Wednesday, March 16, 2011


My seventeen daughter likes reality shows. 

My daughter likes Real Housewives of Beverly Hills, New York, New Jersey, Atlanta, Tuscaloosa, Tampa, Miami, Des Moines, Beaver Falls, Imperial Beach and Youngstown, Ohio.  She likes Rock Star Wives which is an adventure in talentless women being married to former rhythm guitarists.  She likes Rock of Love which is an adventure in talentless women trying to marry a former rhythm guitarist.   She likes America’s Top Make Over which is an adventure in unattractive women, through a regime of exercise, nutrition and plastic surgery, being turned into America’s Next Top Model which is an adventure in self-involvement.   

She doesn’t like Jersey Shore which she considers pathetic.   

She occasionally likes some pool party from Las Vegas show where waitresses try to chisel tips from shirtless, drunken morons and bouncers try to break up fights.   She likes it when the fighting morons are women.

She used to like The Girls Next Store which was about three Playboy centerfolds living in a mansion, pretending to be an oblivious octogenarian’s harem.  The girls are always going to photo shoots, planning “cute” parties and donating their time to charity.  The octogenarian – okay, Hugh Hefner – “Hef” – is called sweetie.   It is implied that the girls sleep with him.  One is not sure if it’s all at once or one at a time but regardless, you know there’s going to be a ton of make-up on the pillow.   The girls’ parents seem to approve.
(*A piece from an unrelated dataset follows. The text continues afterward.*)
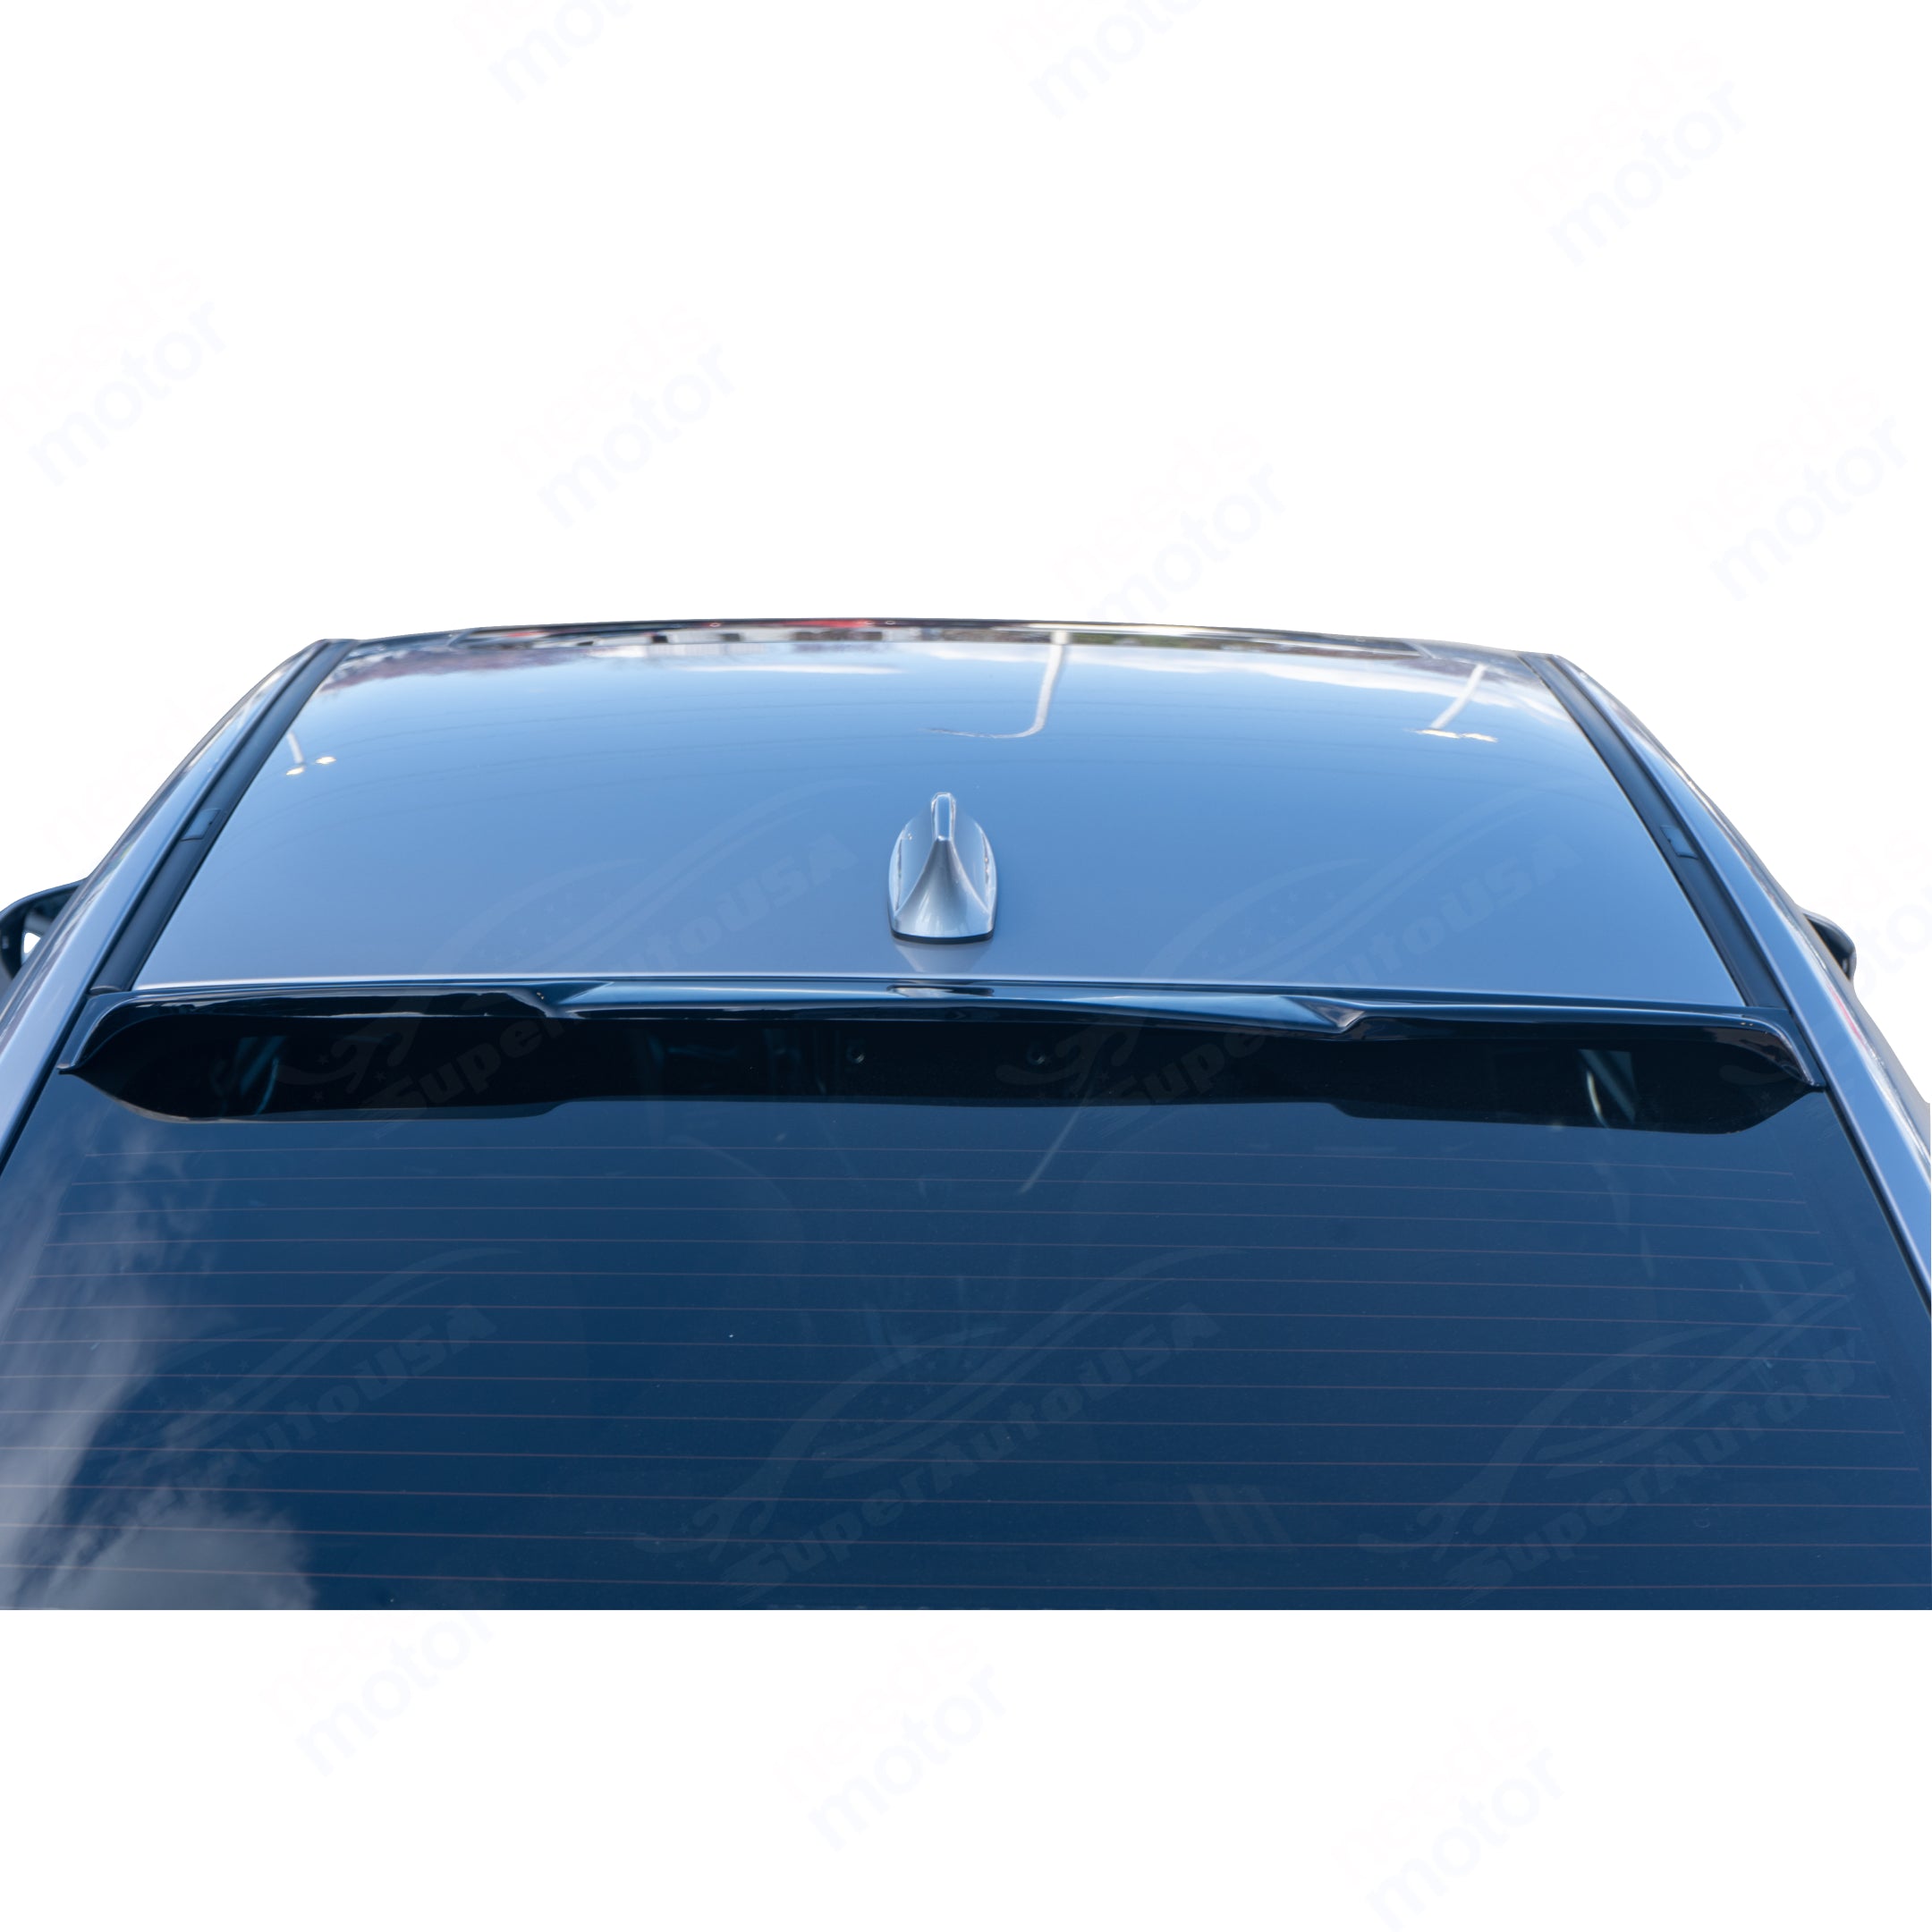 Fits 2015-2020 Acura TLX Carbon Trim Window Vent Visors & Rear Roof Spoiler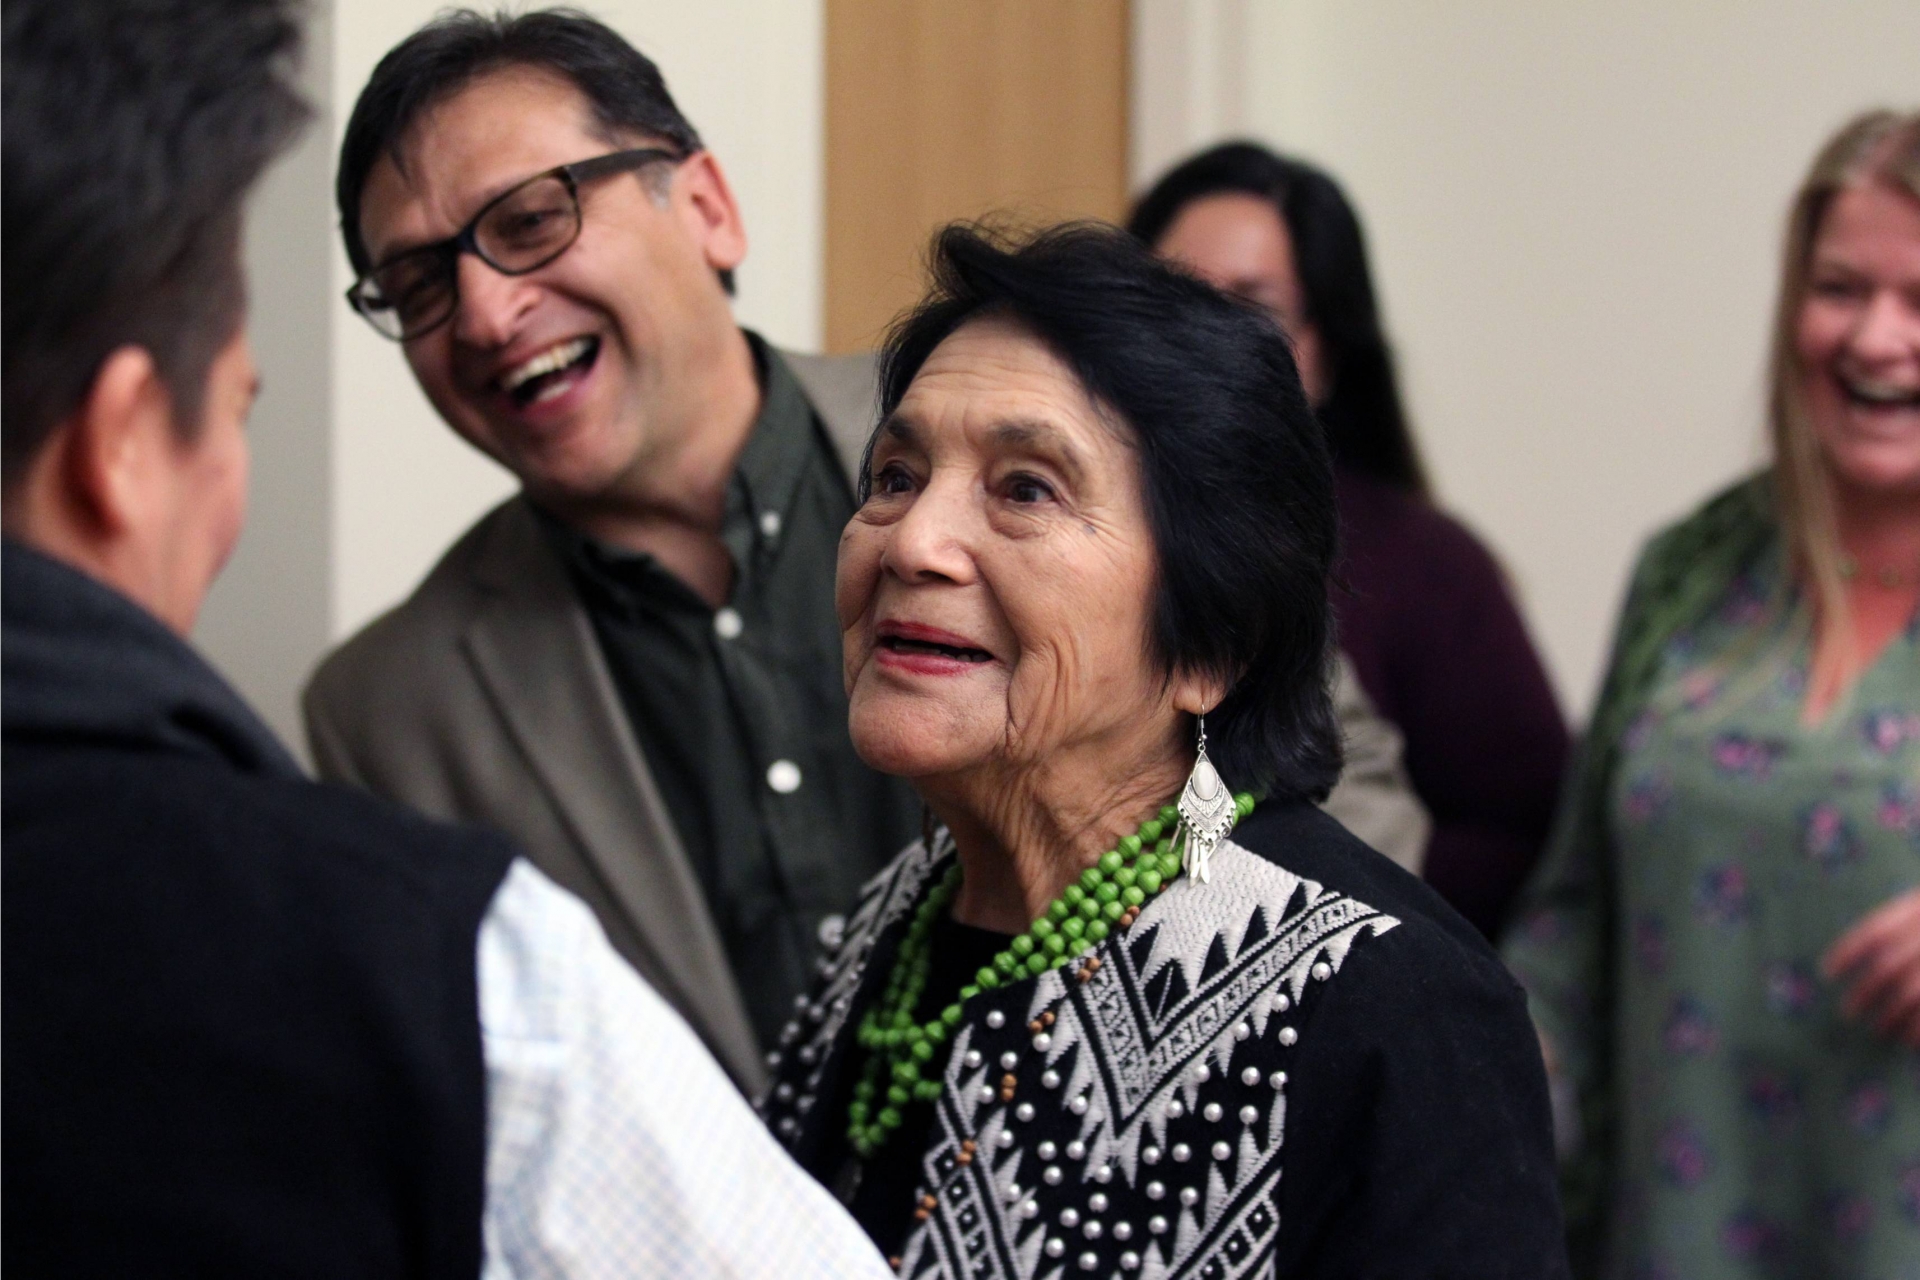 Dolores Huerta speaking to a group of people

How do I know all this?   I know this because I like spending time with my daughter and these days, since being in the same room with her is an event, I watch reality television as well.  

I sputter in disbelief.   I roll my eyes in contempt.   I provide withering commentary.   How can you watch this drivel, I say?   

It’s funny, she says. 

You’re a smart, sensible, self-reliant young woman with aspirations and diverse interests, I say.   The people on these shows are social mutants and materialistic courtesans.    

I don't take it seriously, she says.

I tell her when I was a boy, Playboy was hidden under mattresses.  I tell her I lived through the time when feminists burned their bras.  (If they did, I wasn’t paying attention.)   I tell her the women on these shows don’t even need bras – their breasts are that plastic.  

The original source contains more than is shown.